* _Data_:

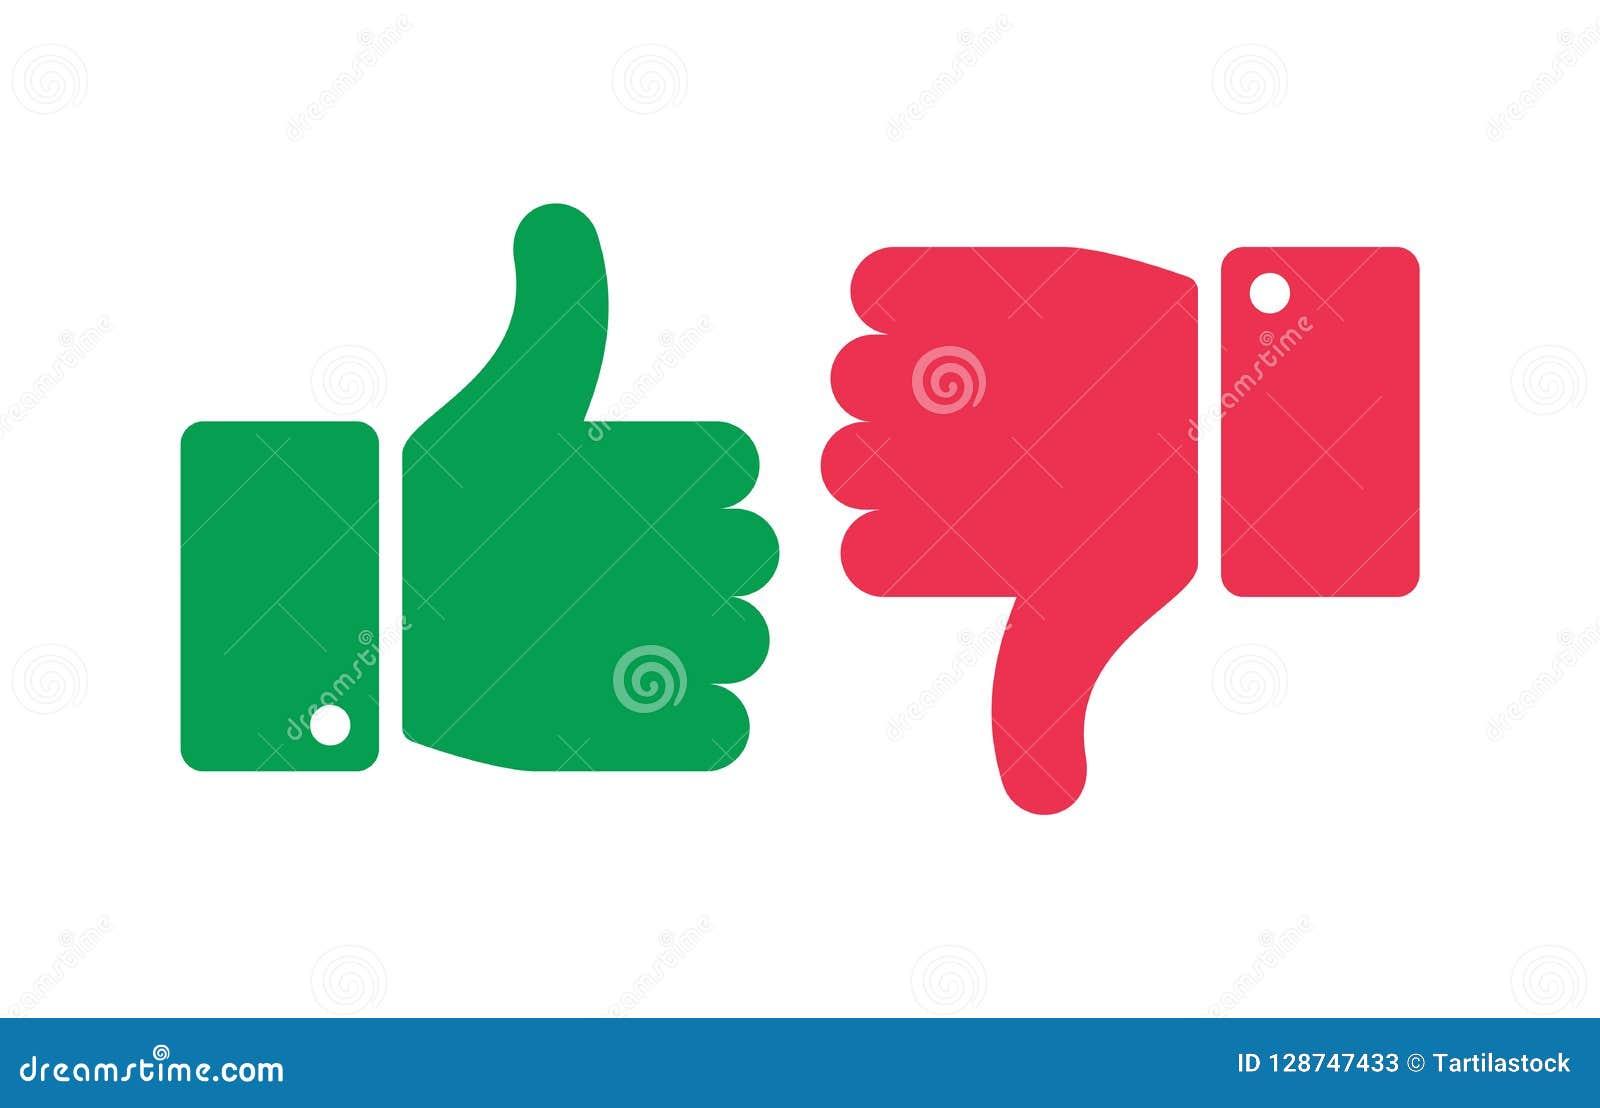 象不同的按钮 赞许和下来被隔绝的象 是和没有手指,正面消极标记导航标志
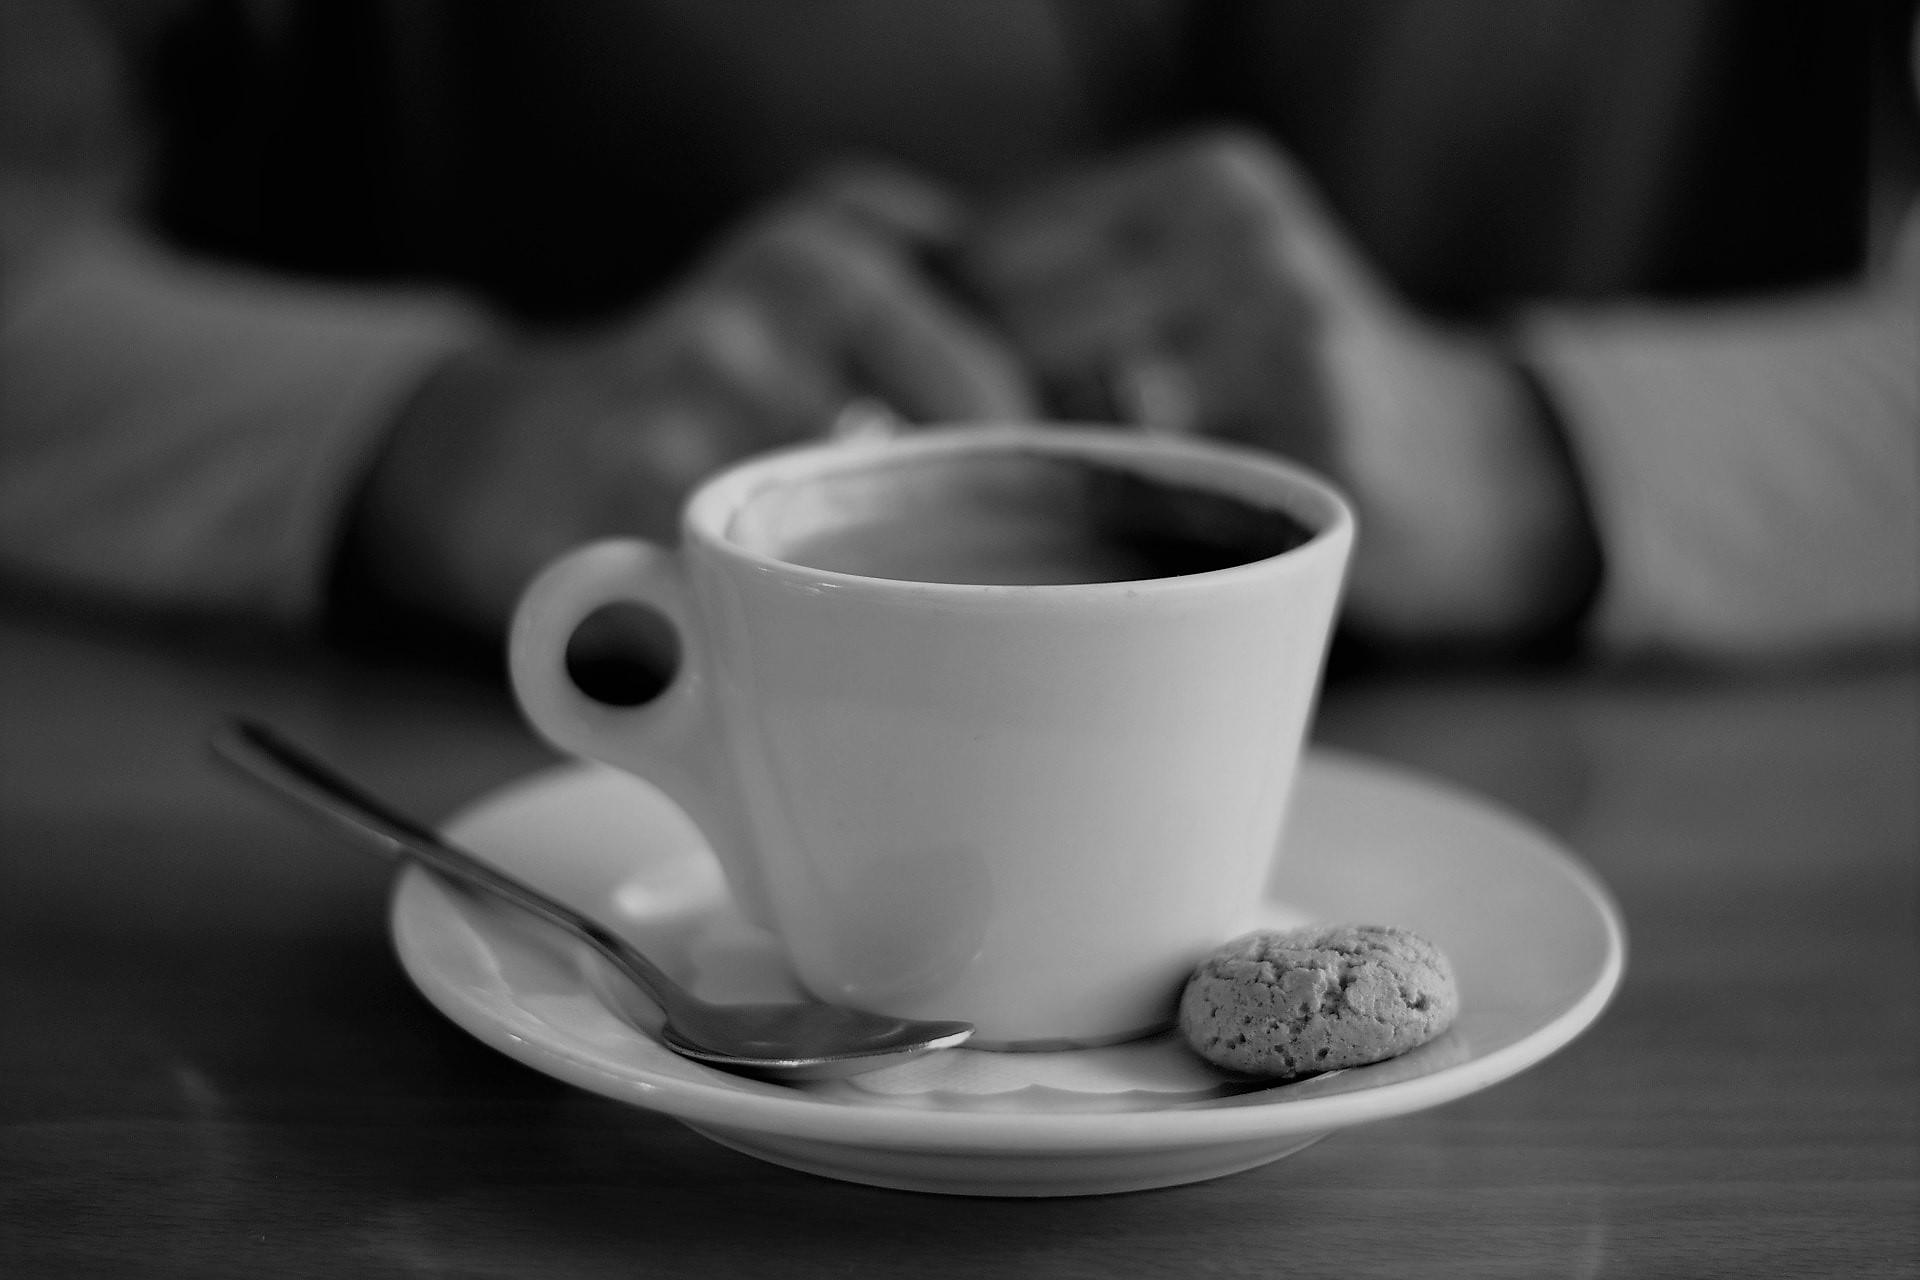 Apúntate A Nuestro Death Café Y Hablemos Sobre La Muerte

* * *

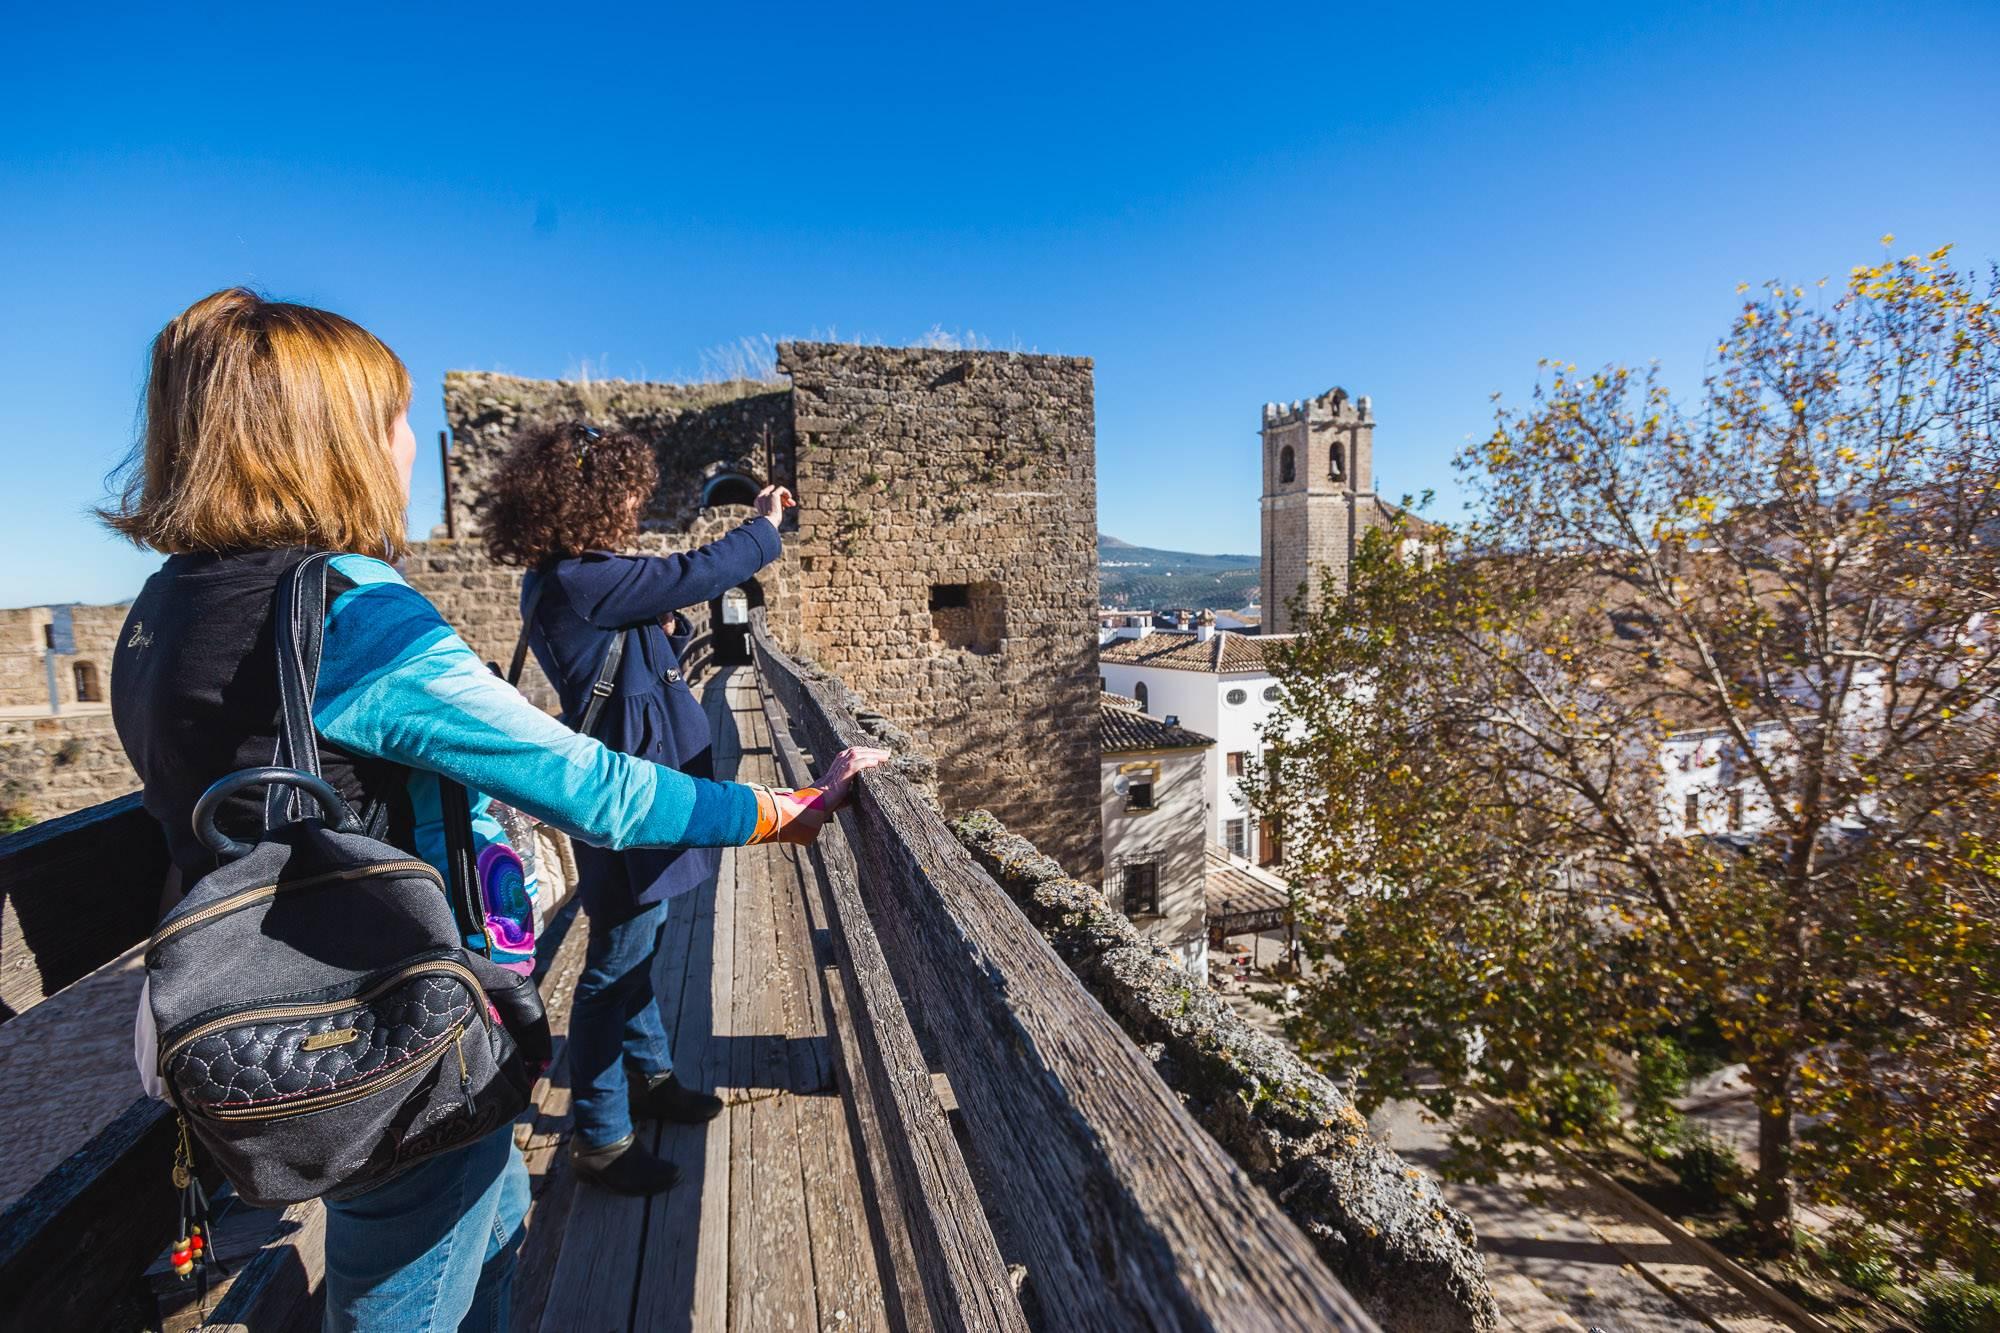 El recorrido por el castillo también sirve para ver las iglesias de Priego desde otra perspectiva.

* _Exercise aim_: Please set down, exactly and with no pictures, the lines in the entries above starting at the one holding "象不同的按钮 赞许和下来被隔绝的象 是和没有手指,正面消极标记导航标志" and ending at the one holding "Apúntate A Nuestro", ends included.

* _Result of the task_:
 象不同的按钮 赞许和下来被隔绝的象 是和没有手指,正面消极标记导航标志
 Apúntate A Nuestro Death Café Y Hablemos Sobre La Muerte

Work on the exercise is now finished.